__AVAILABLE RECORDS__:
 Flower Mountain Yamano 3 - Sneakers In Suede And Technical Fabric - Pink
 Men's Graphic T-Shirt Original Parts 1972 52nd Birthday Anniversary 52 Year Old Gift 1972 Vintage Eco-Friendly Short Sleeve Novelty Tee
---
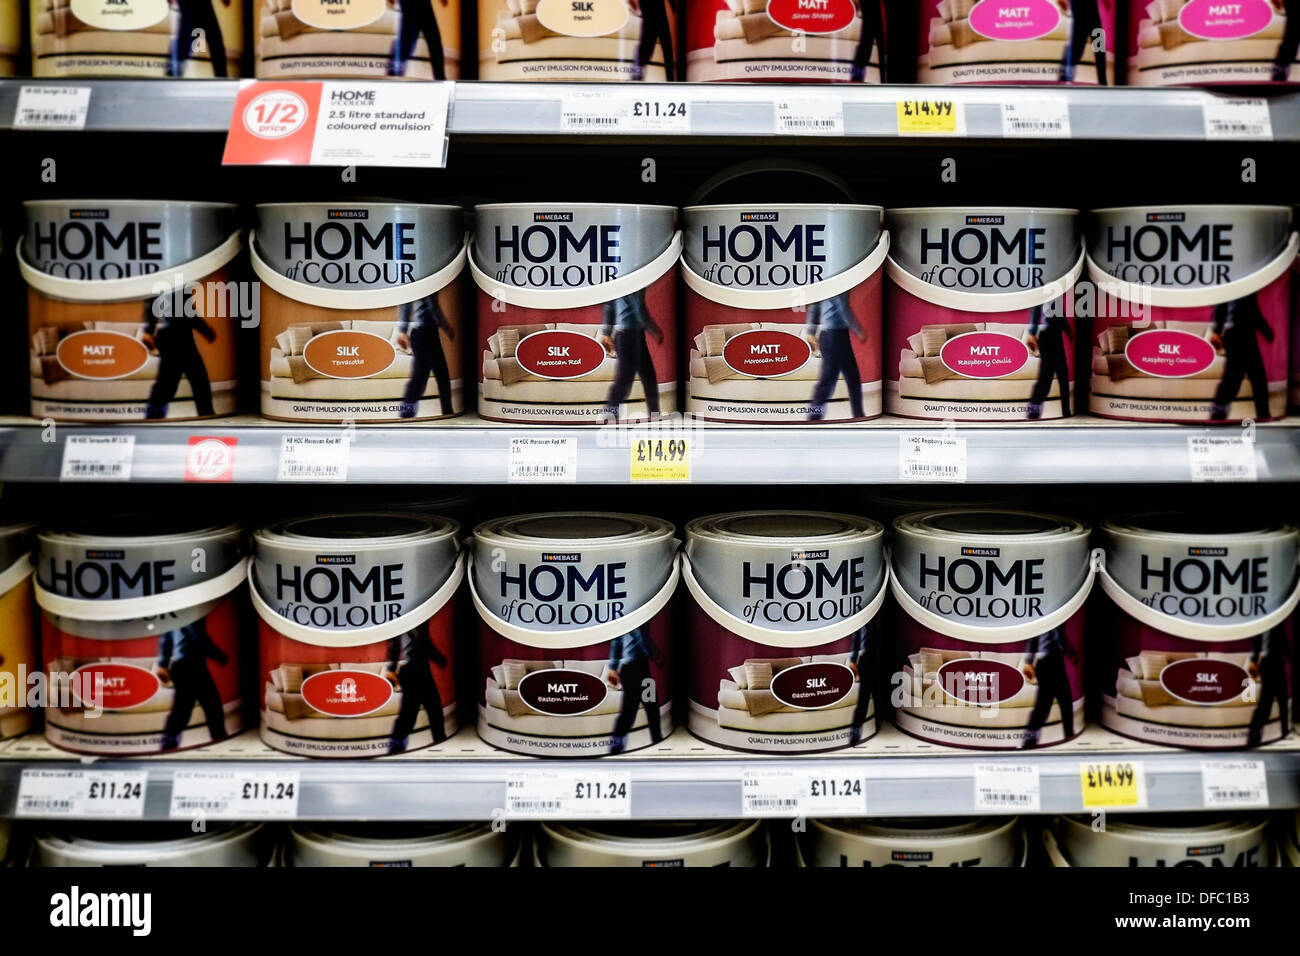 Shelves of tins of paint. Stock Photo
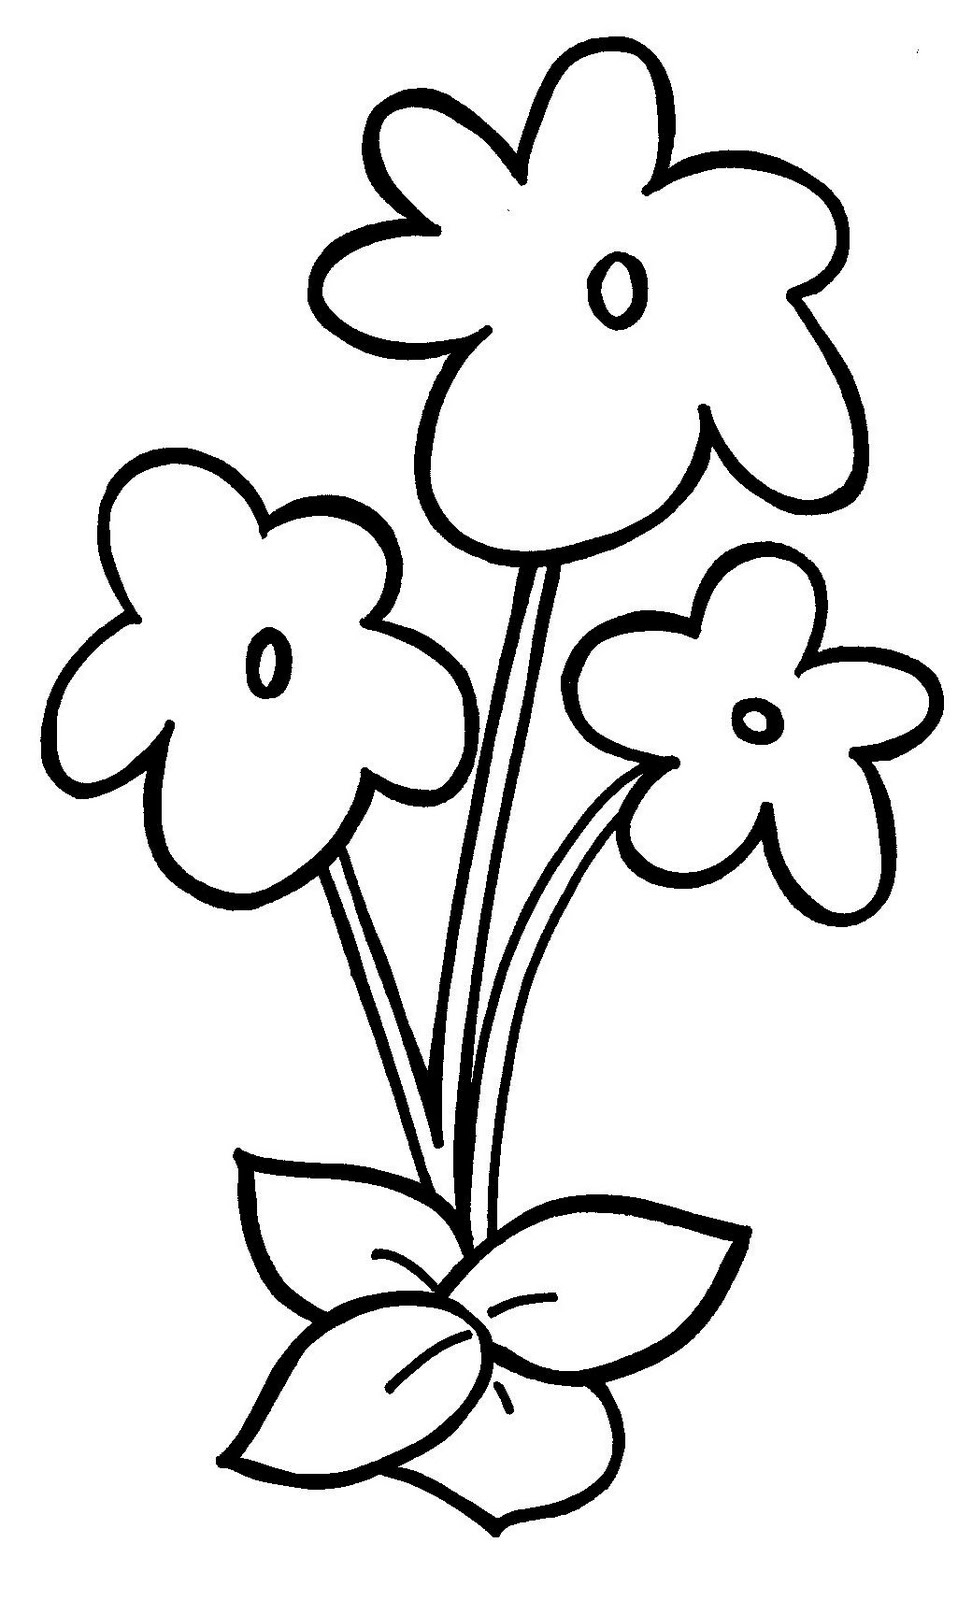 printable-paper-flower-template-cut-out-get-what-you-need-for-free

__DESCRIPTION OF THE TASK__: Please output the lines of the listing above that fall in the stretch from the one with "Flower Mountain Yamano" through the one with "Men's Graphic T-Shirt", exactly and only those.

__SOLUTION FOR THIS EXERCISE__:
 Flower Mountain Yamano 3 - Sneakers In Suede And Technical Fabric - Pink
 Men's Graphic T-Shirt Original Parts 1972 52nd Birthday Anniversary 52 Year Old Gift 1972 Vintage Eco-Friendly Short Sleeve Novelty Tee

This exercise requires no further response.